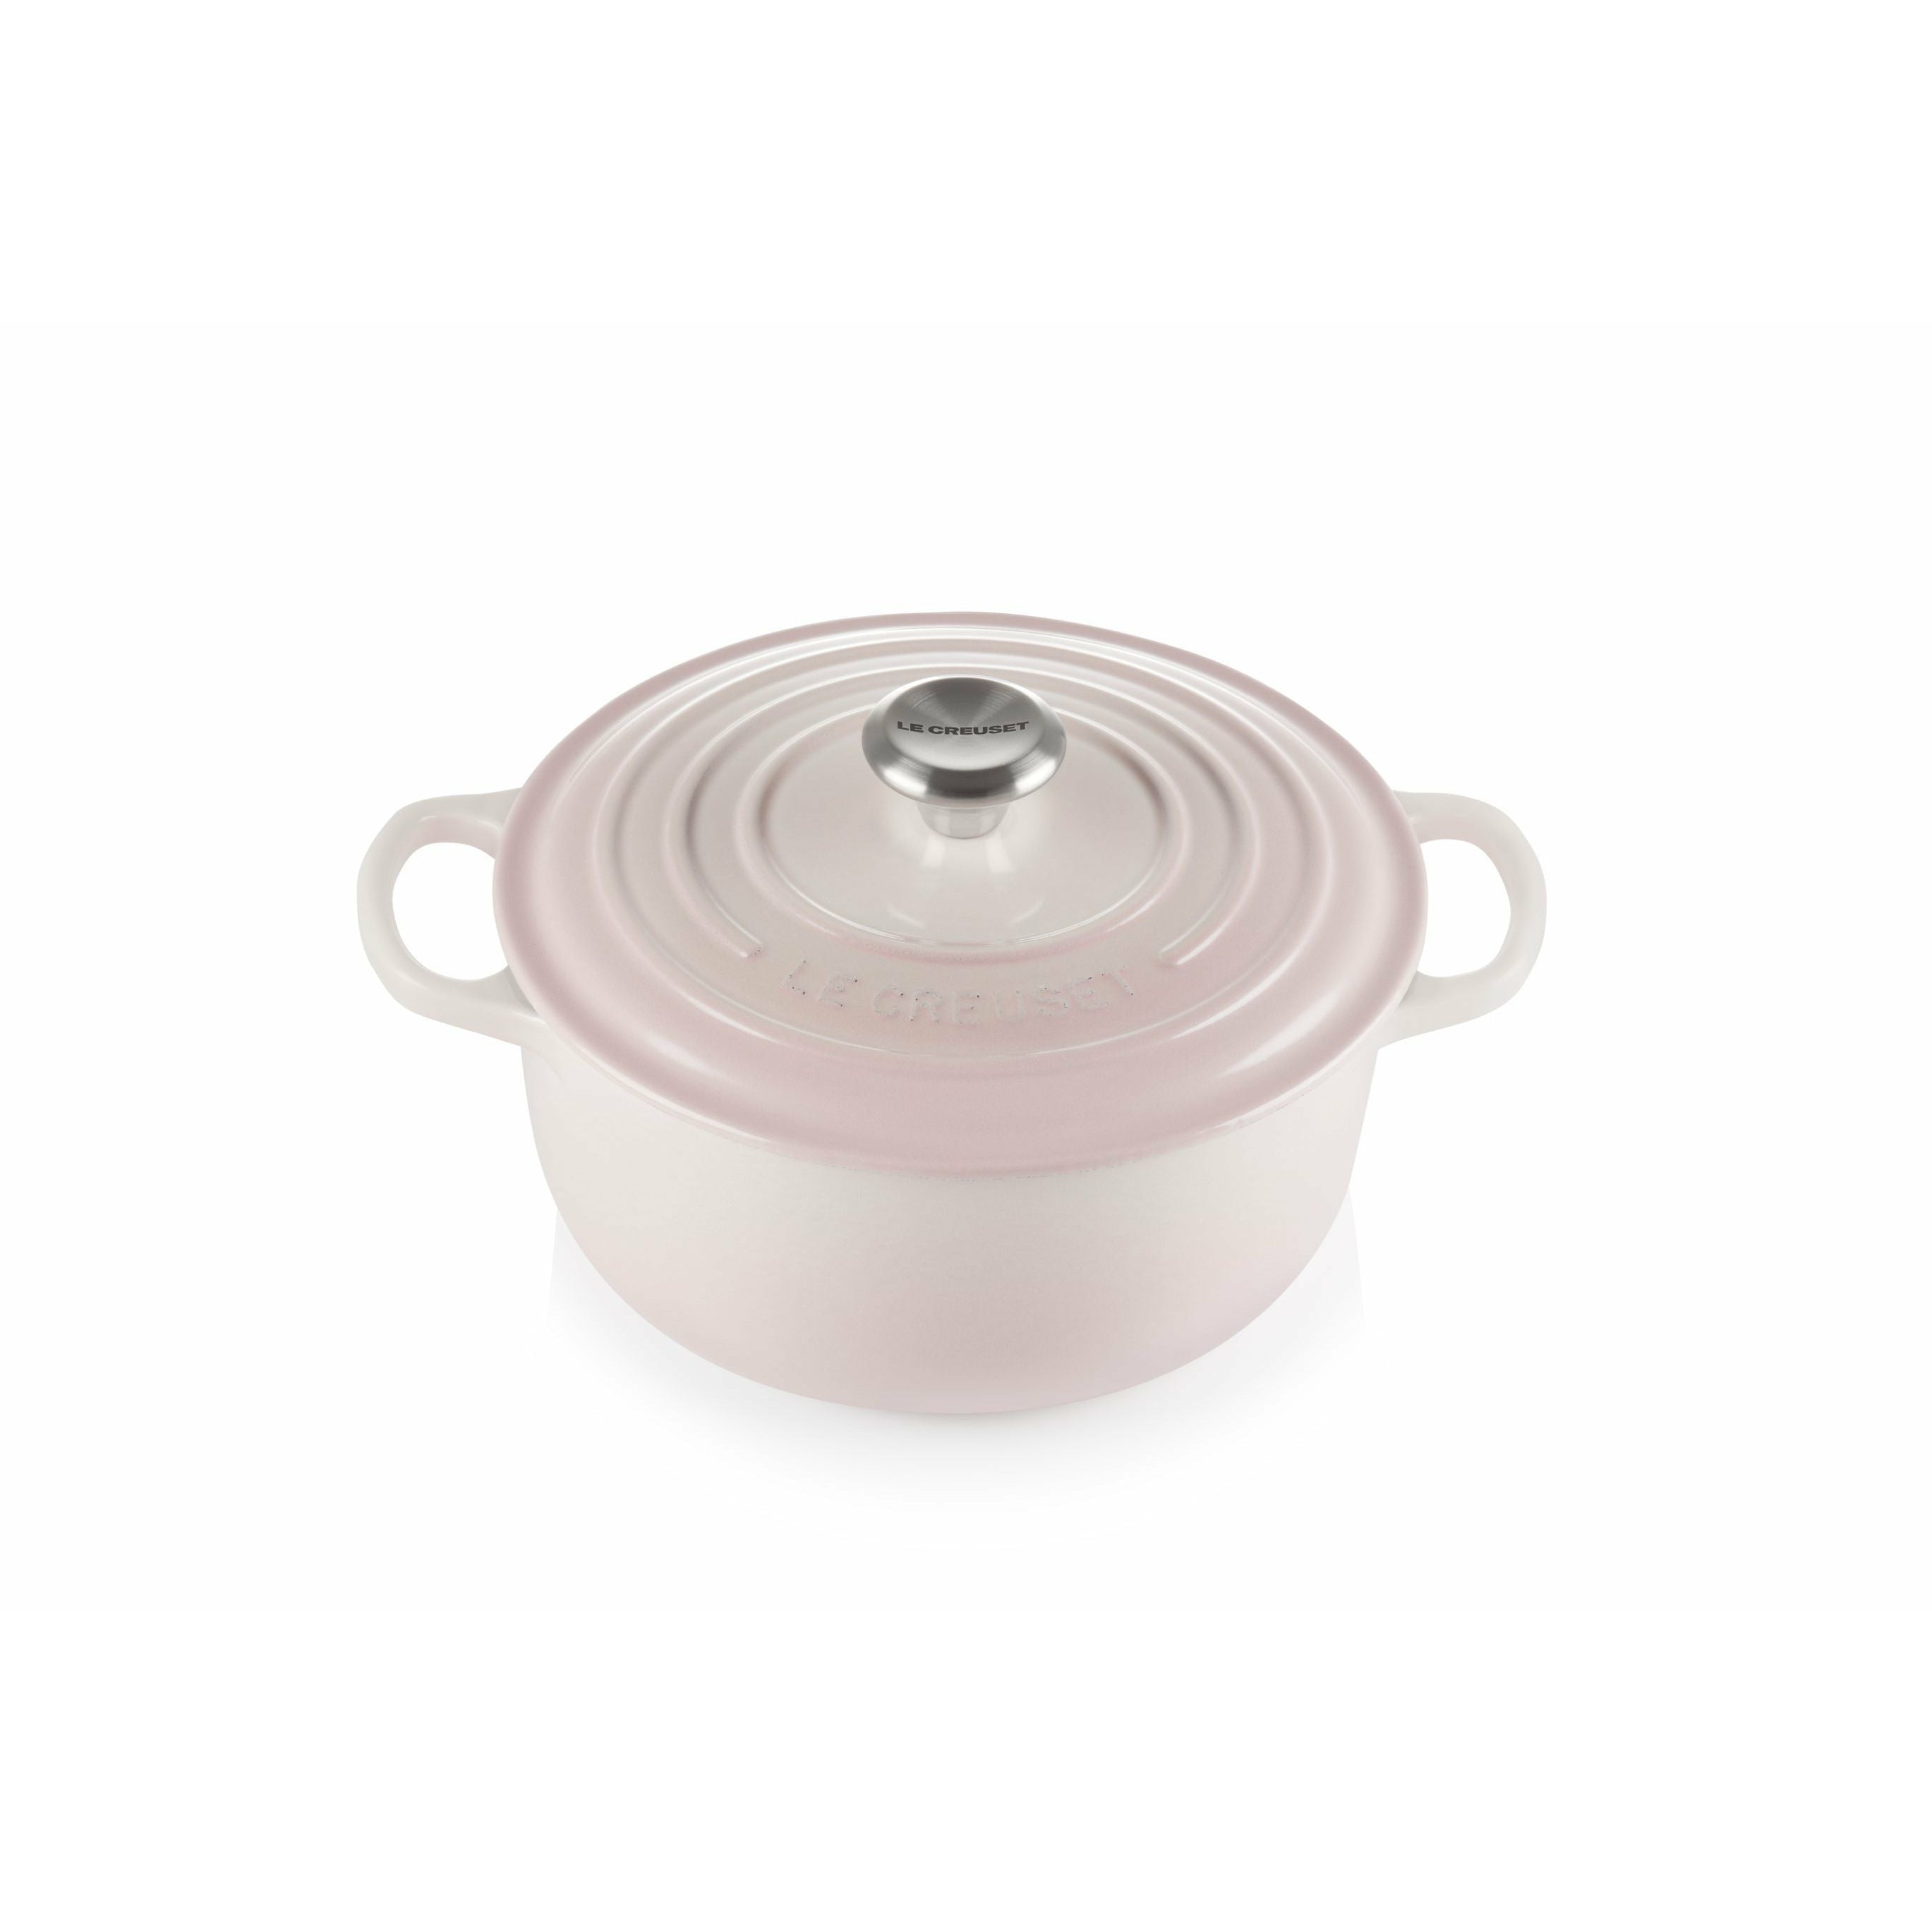 Le Creuset Signature Round Roaster 20 Cm, Shell Pink
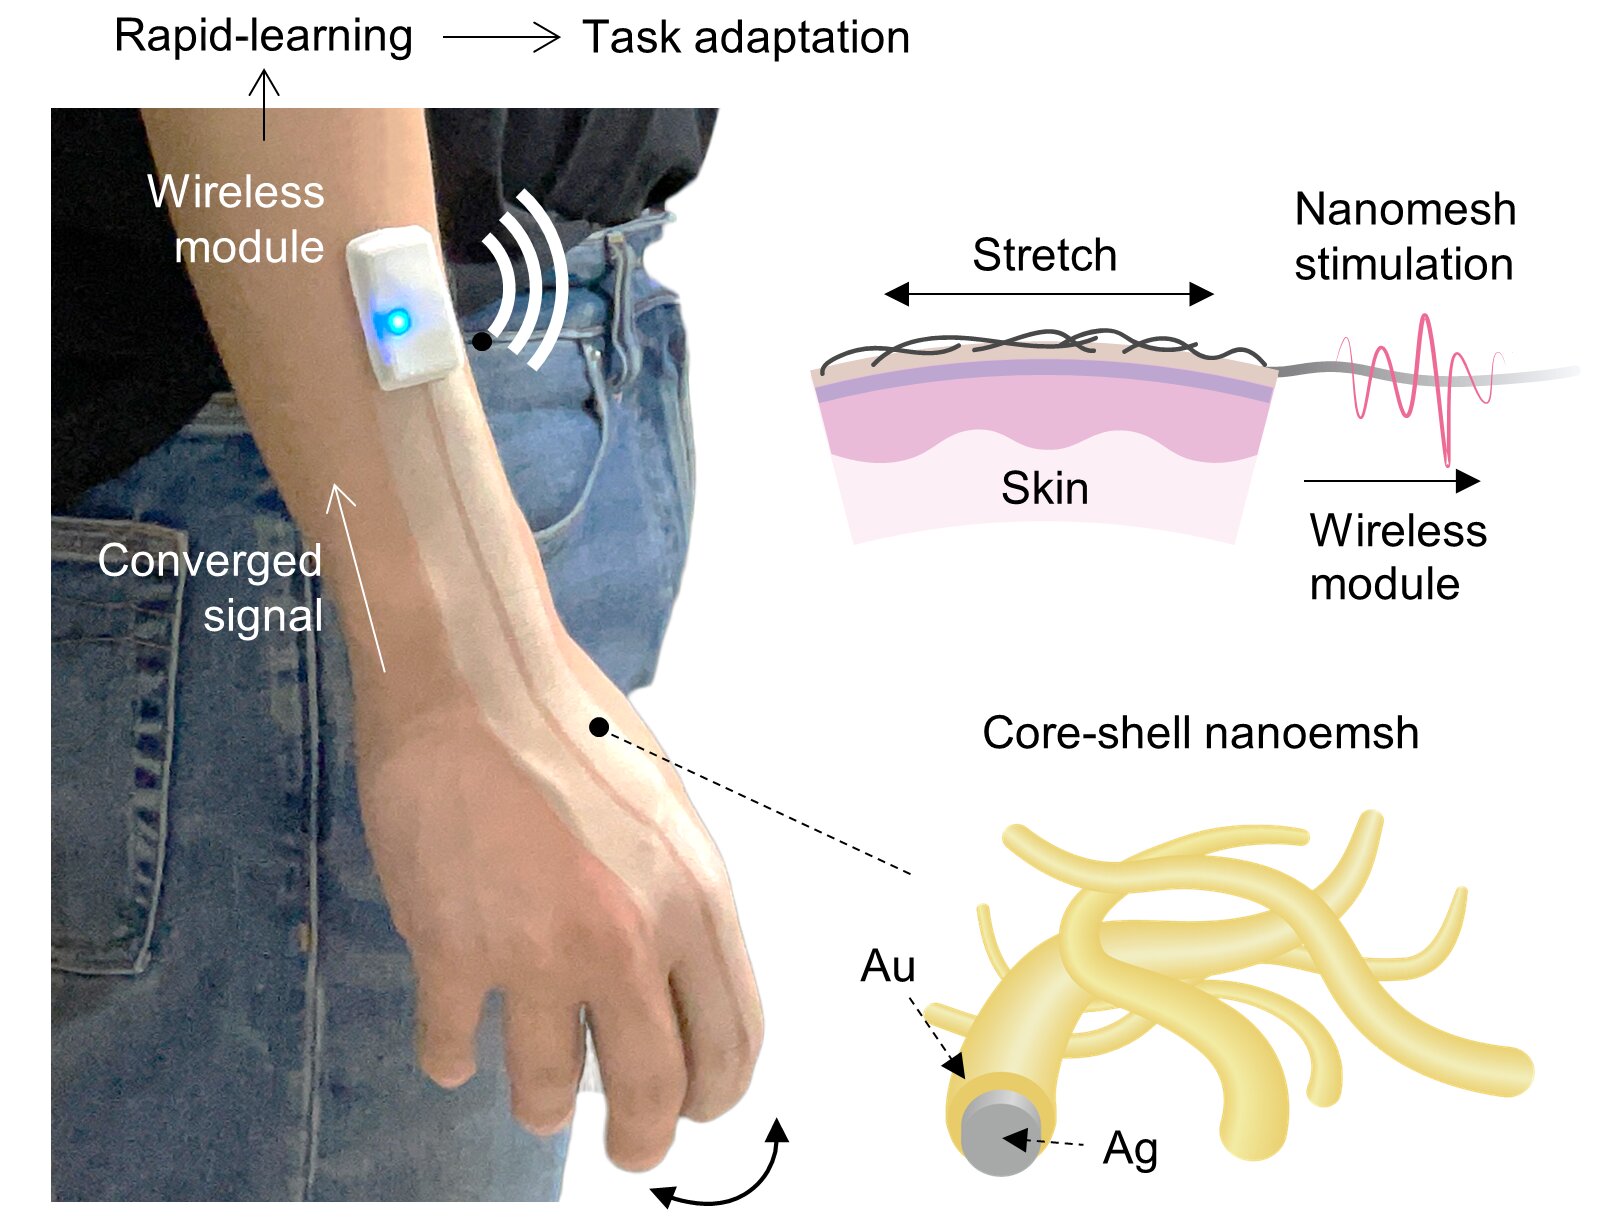 #Spray-on smart skin uses AI to rapidly understand hand tasks
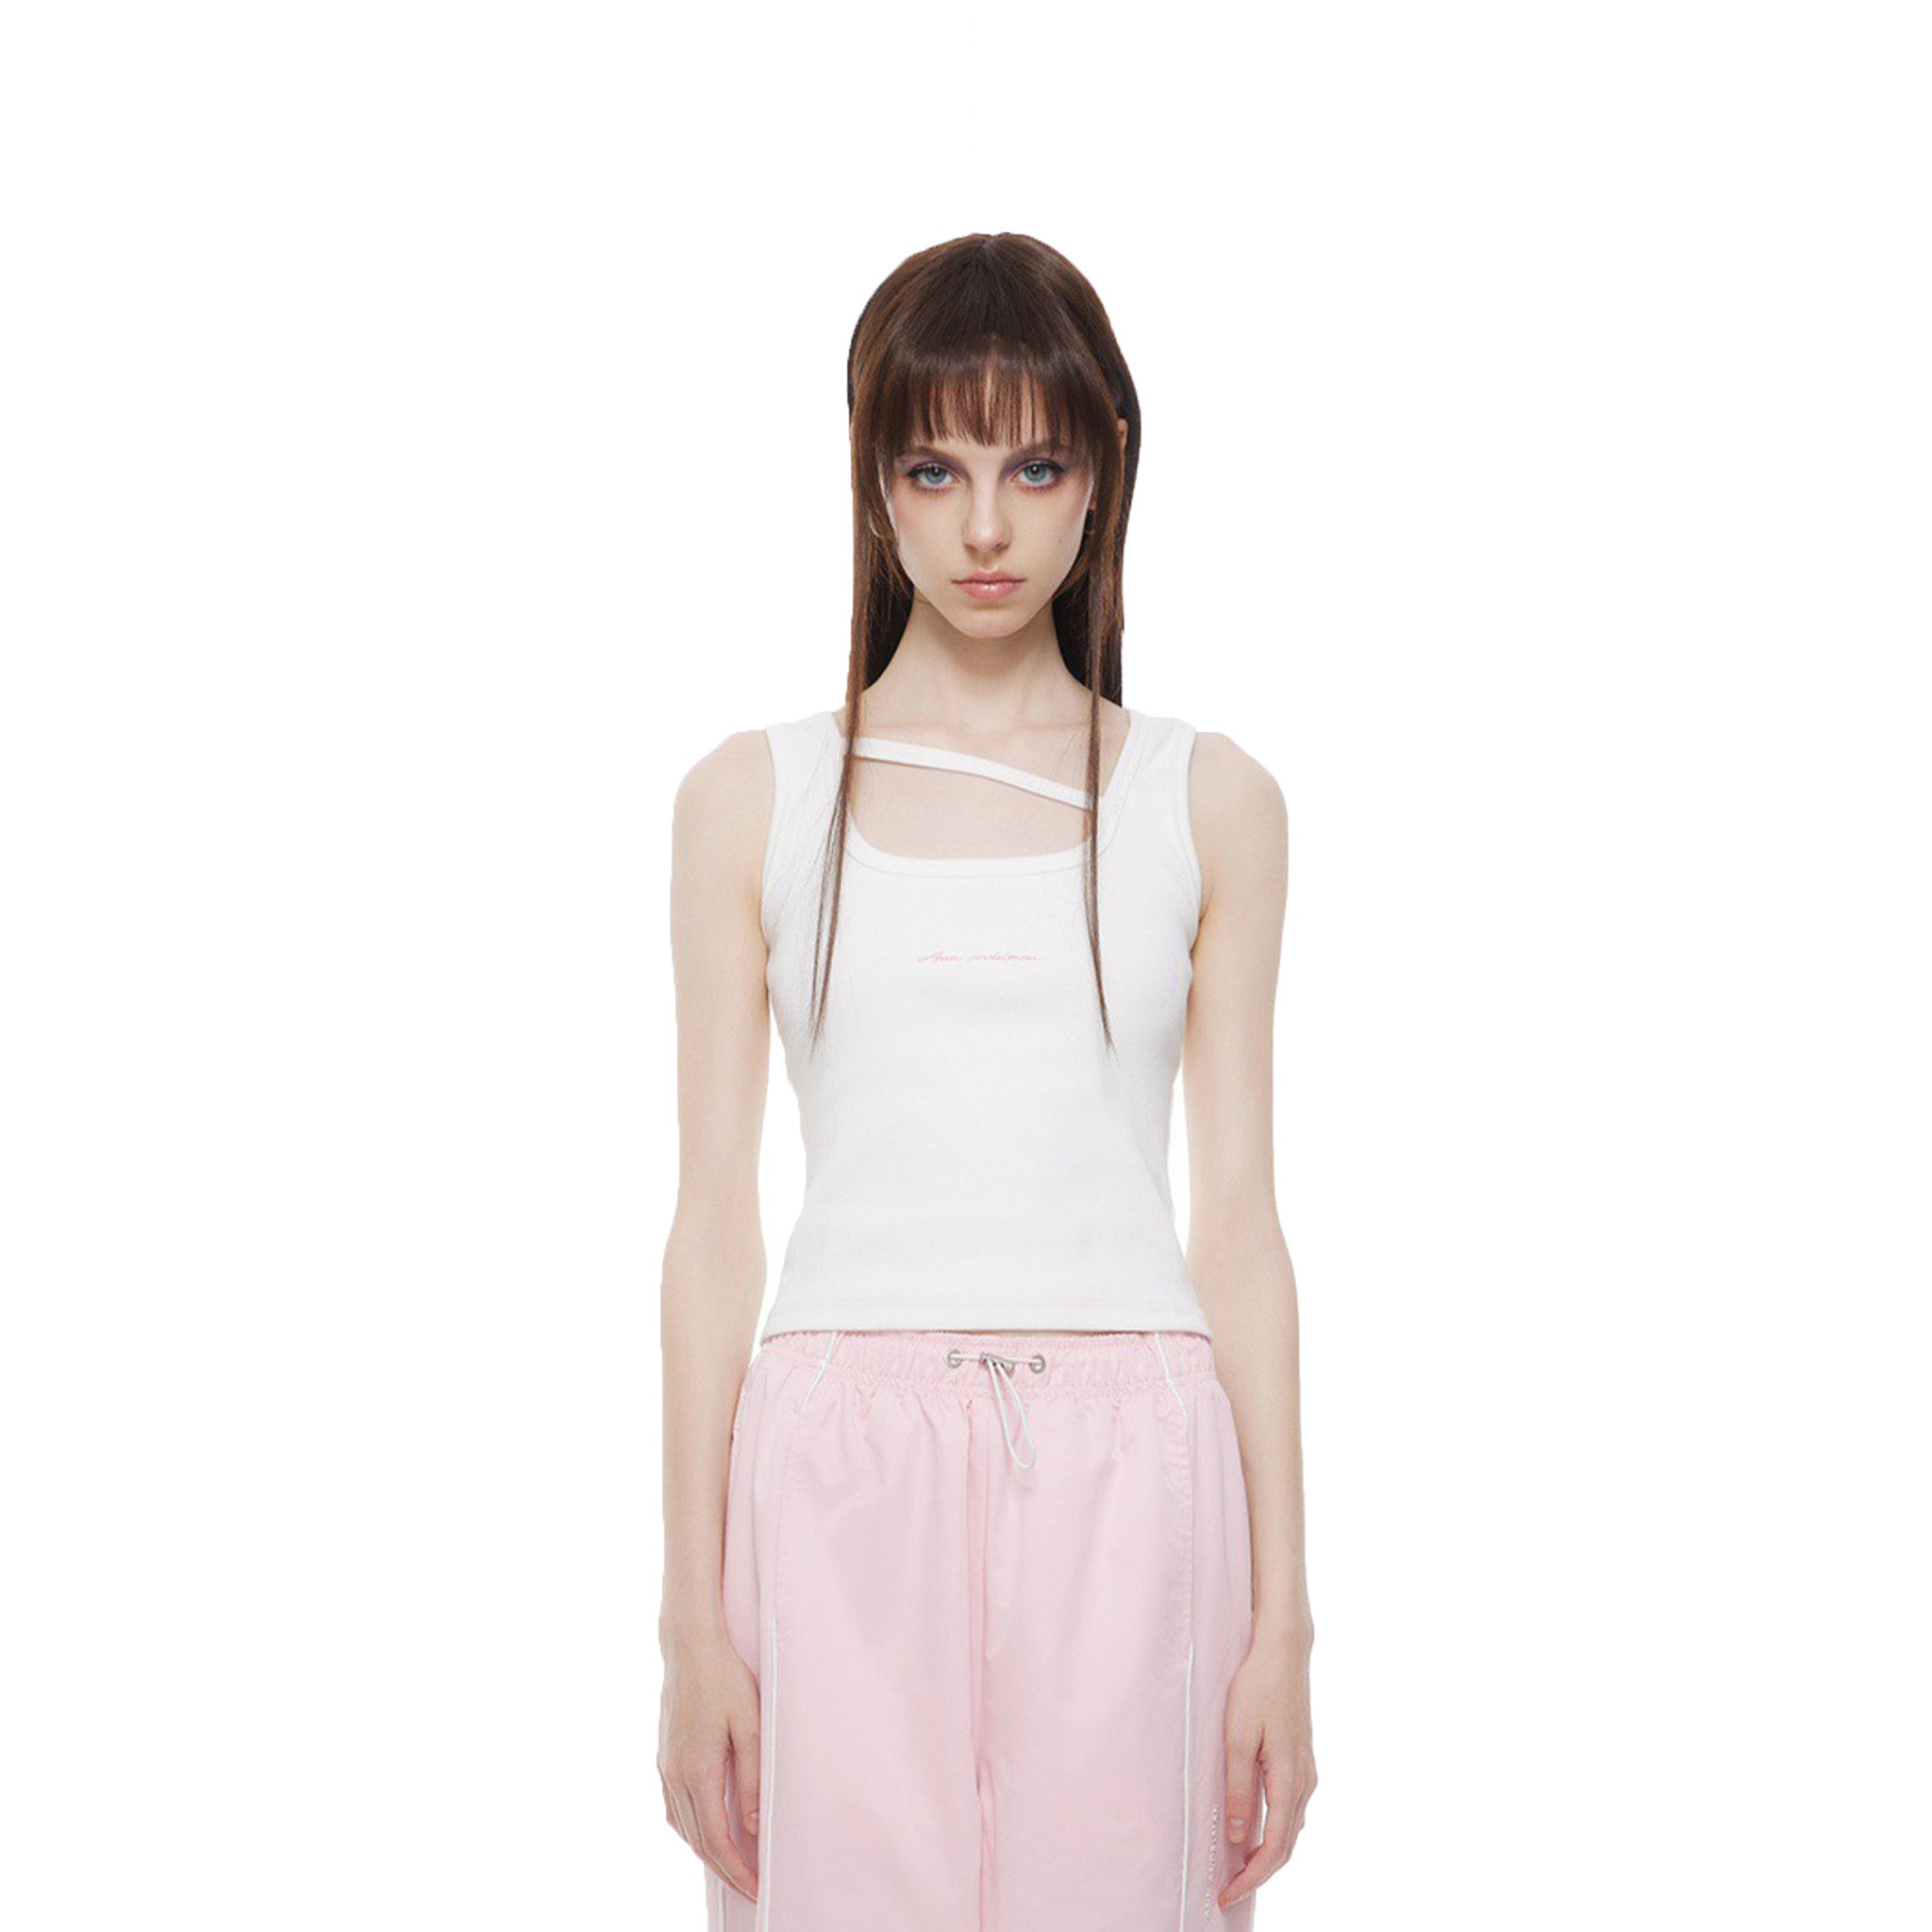 ANN ANDELMAN White 520 Limited Tank Top | MADA IN CHINA
▬▬▬
_WHAT THE TASK REQUIRES_:
Counting the line with "#Spray-on smart skin" and the last line of the data above, transcribe those two lines and every line between them exactly, without the pictures.

_ANSWER SECTION_:
 #Spray-on smart skin uses AI to rapidly understand hand tasks
 ANN ANDELMAN White 520 Limited Tank Top | MADA IN CHINA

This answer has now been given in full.